Three Sum

Problem Statement

Given an integer array nums, return all the triplets [nums[i], nums[j], nums[k]] such that:

• i != j, i != k, and j != k
• nums[i] + nums[j] + nums[k] == 0

The solution set must not contain duplicate triplets.

Solve Here: 3Sum

Examples:

Input	Output
nums = [-1,0,1,2,-1,-4]	[[-1,-1,2],[-1,0,1]]
nums = [0,1,1]	[]
nums = [0,0,0]	[[0,0,0]]

Edge Cases:

1. All positive or all negative numbers: If all numbers are positive or negative, there can’t be a triplet that sums to zero.
2. Multiple identical numbers: If there are multiple instances of the same number, care must be taken to avoid duplicate triplets in the output.

Solution Approach:

1. Two Pointers

• Description: First, sort the array, then iterate through each number and use two pointers (left and right) to find two other numbers that sum to zero.

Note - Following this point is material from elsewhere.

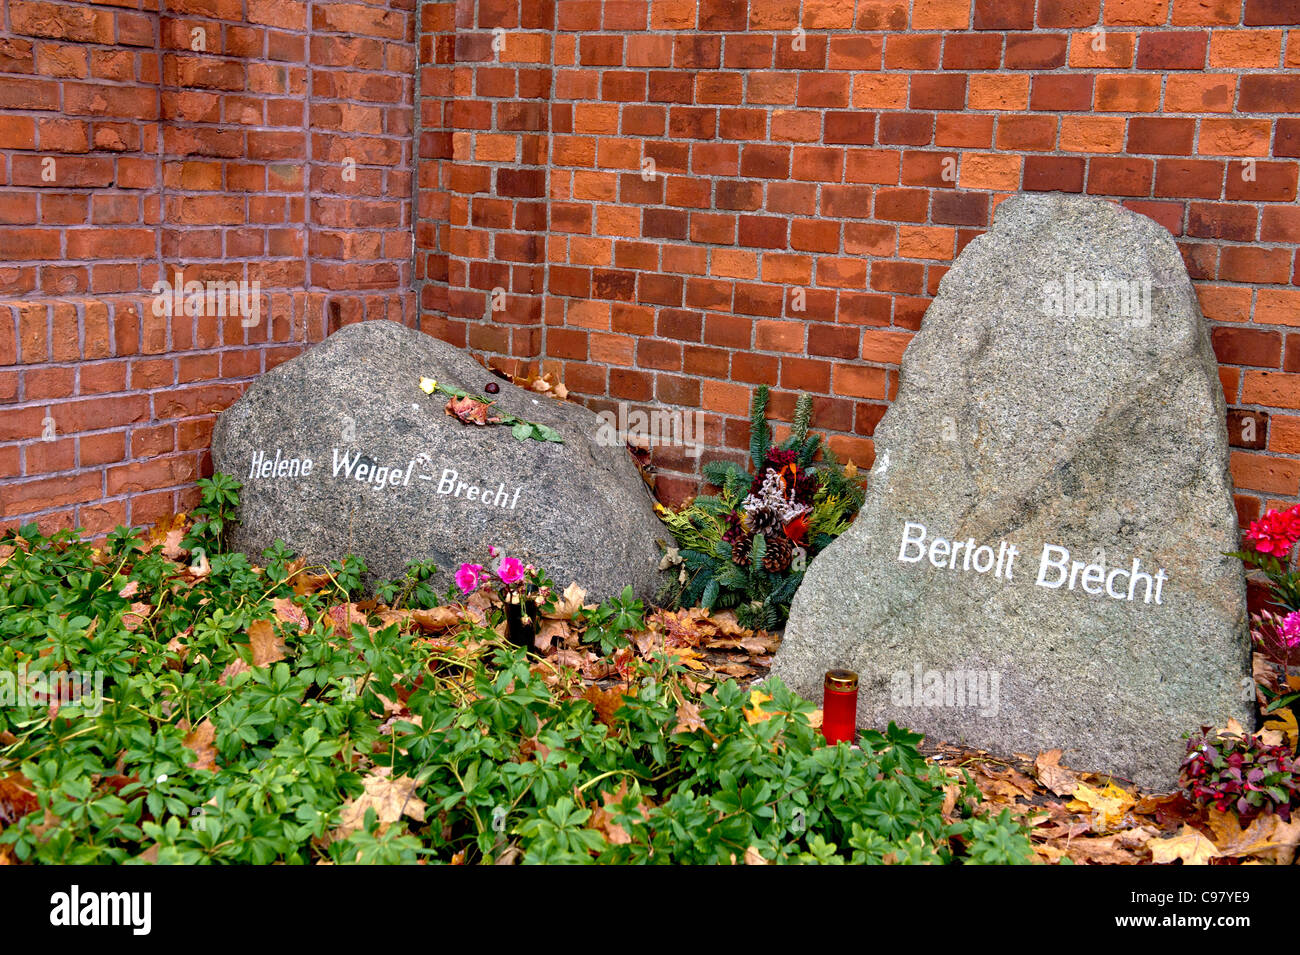 Dichtergrab auf dem Dorotheenstädtisches Friedhof in Berlin;  Author's Grave in Berlin: Bertolt Brecht Stock Photo

After finding a valid triplet, move both pointers inward while avoiding duplicates.
• Time Complexity: O(n²) – one loop to fix a number and a two-pointer loop to find the remaining two numbers
• Space Complexity: O(1) – only constant space aside from the input array and result

fun threeSum(nums: IntArray): List<List<Int>> {
    val result = mutableListOf<List<Int>>()
  
    nums.sort()
  
    for (i in nums.indices) {
        if (i > 0 && nums[i] == nums[i - 1]) continue
        var left = i + 1
        var right = nums.size - 1
  
        while (left < right) {
            when {
                nums[i] + nums[left] + nums[right] == 0 -> {
                    result.add(listOf(nums[i], nums[left], nums[right]))
                    left++
                    right--
                    while (left < right && nums[left] == nums[left - 1]) left++
                    while (left < right && nums[right] == nums[right + 1]) right--
                }
              
                nums[i] + nums[left] + nums[right] < 0 -> left++
              
                else -> right--
            }
        }
    }
  
    return result
}

Complexity Comparison:

Approach	Time Complexity	Space Complexity
Two Pointers	O(n²)	O(1)

Conclusion:

The Two Pointers approach is the efficient solution for this problem with a time complexity of O(n²). The sorting step simplifies the process of finding valid triplets and avoiding duplicates.